_PROMPT:_ From the listing that follows, reproduce only the lines from the one holding "Figure US08501892-20130806-C00003" through the one holding "Górna część zegara z kolorową tarczą.", both included, with no pictures.

_AVAILABLE RECORDS:_

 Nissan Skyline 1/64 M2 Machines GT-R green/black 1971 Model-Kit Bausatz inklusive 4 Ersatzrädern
* * *
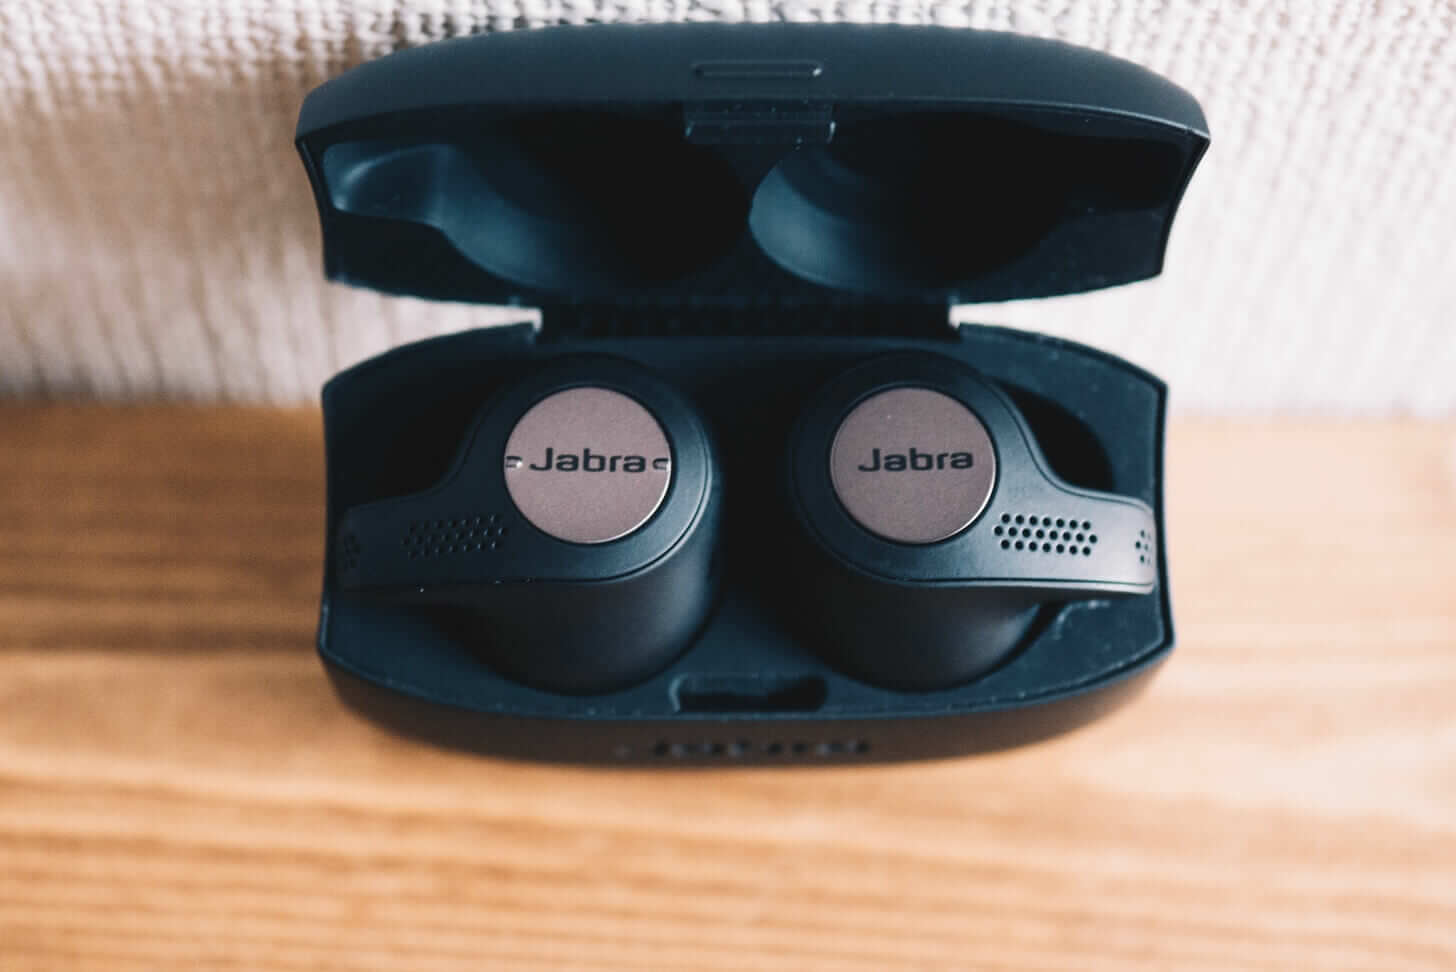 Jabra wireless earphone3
* * *
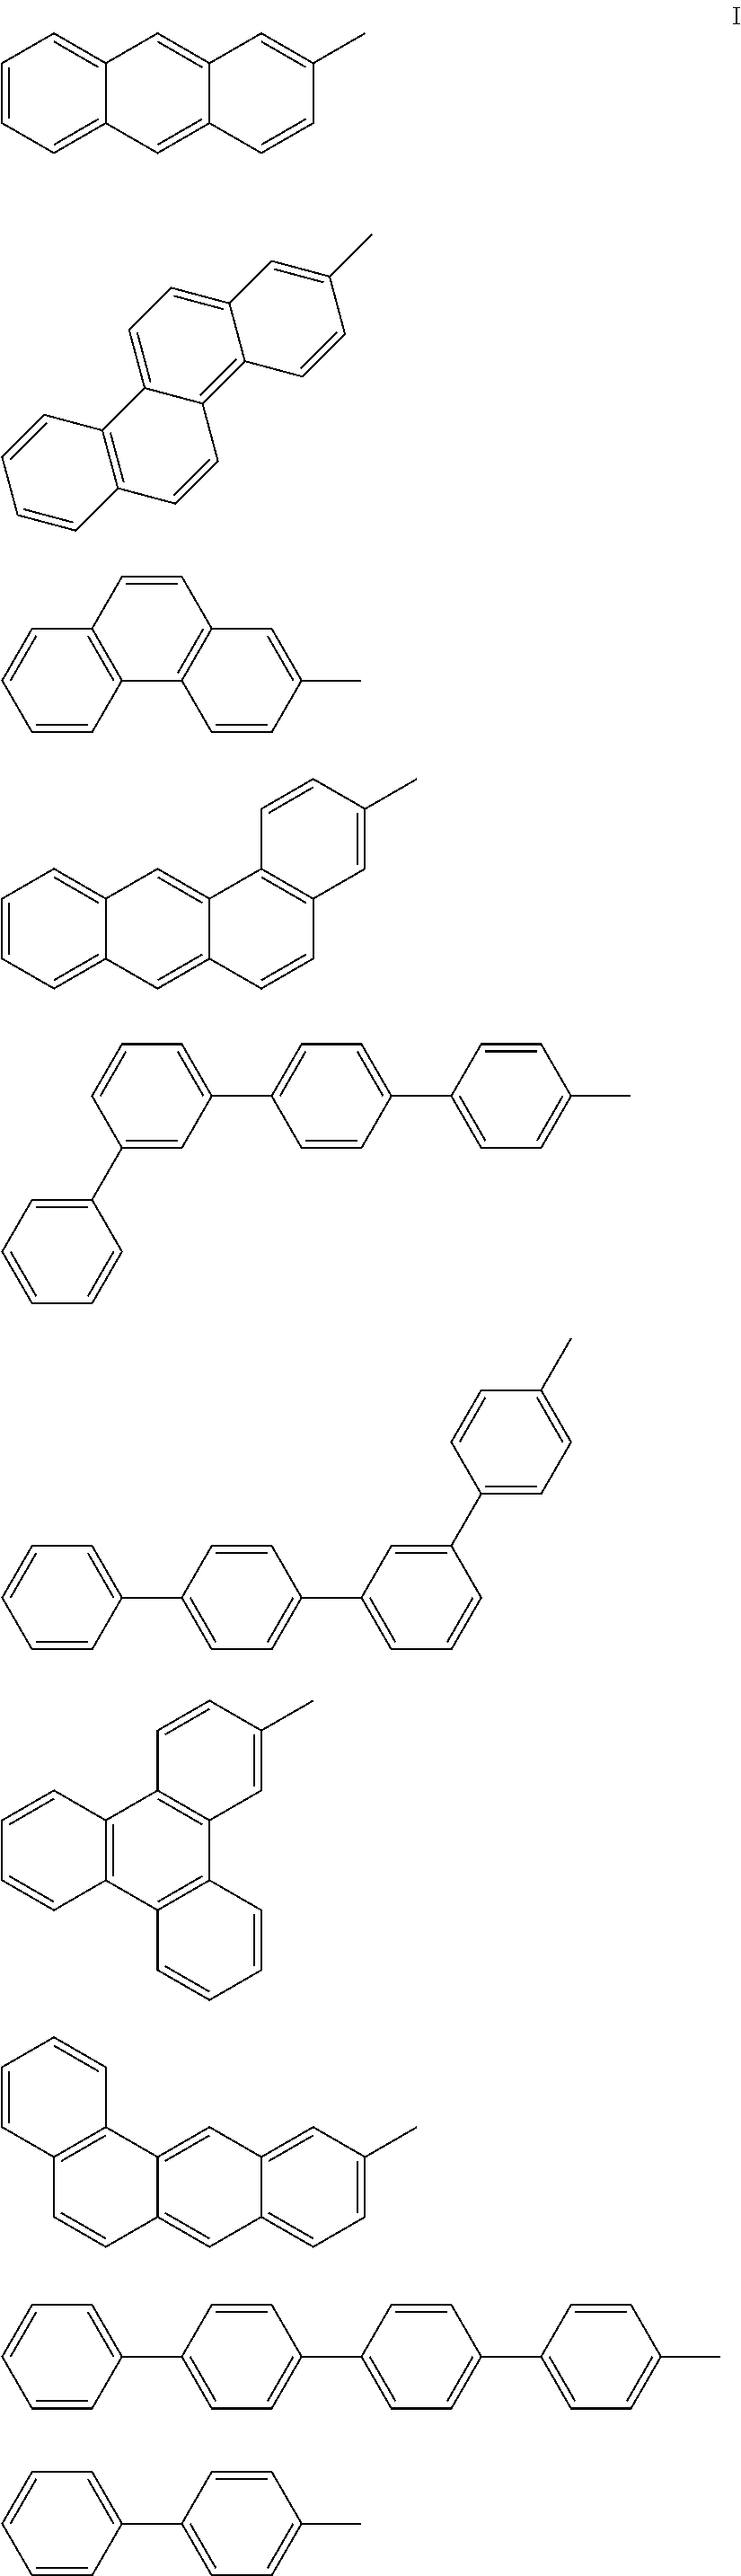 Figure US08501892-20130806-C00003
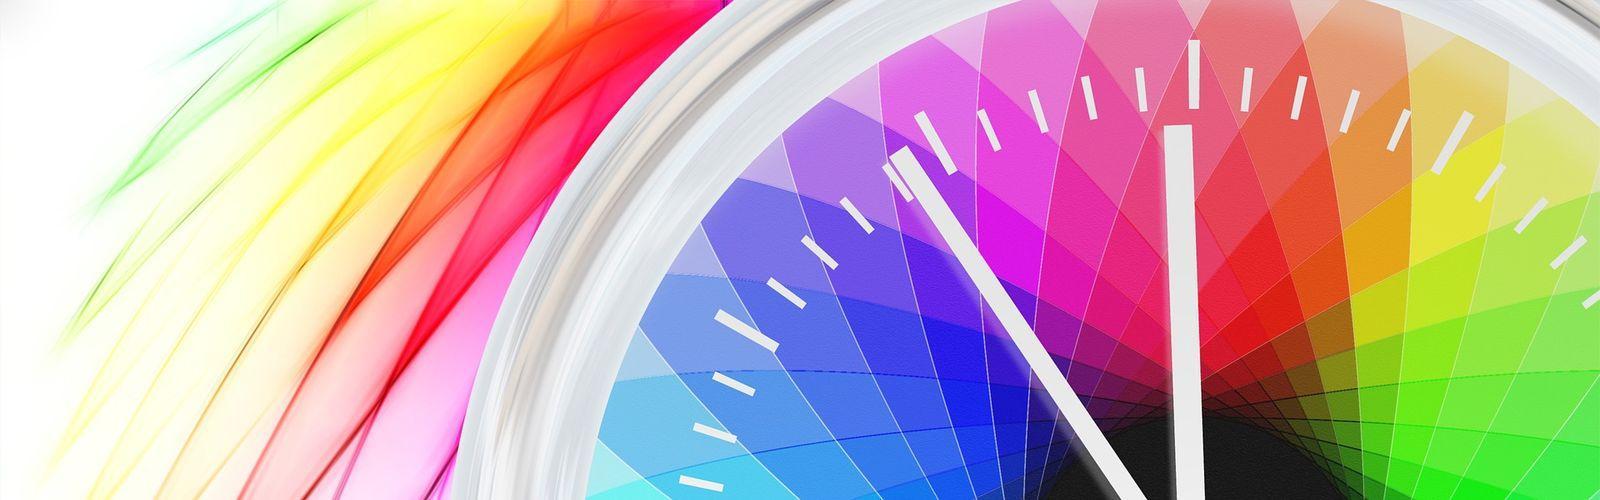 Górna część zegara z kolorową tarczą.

_COMPLETED EXERCISE:_
 Figure US08501892-20130806-C00003
 Górna część zegara z kolorową tarczą.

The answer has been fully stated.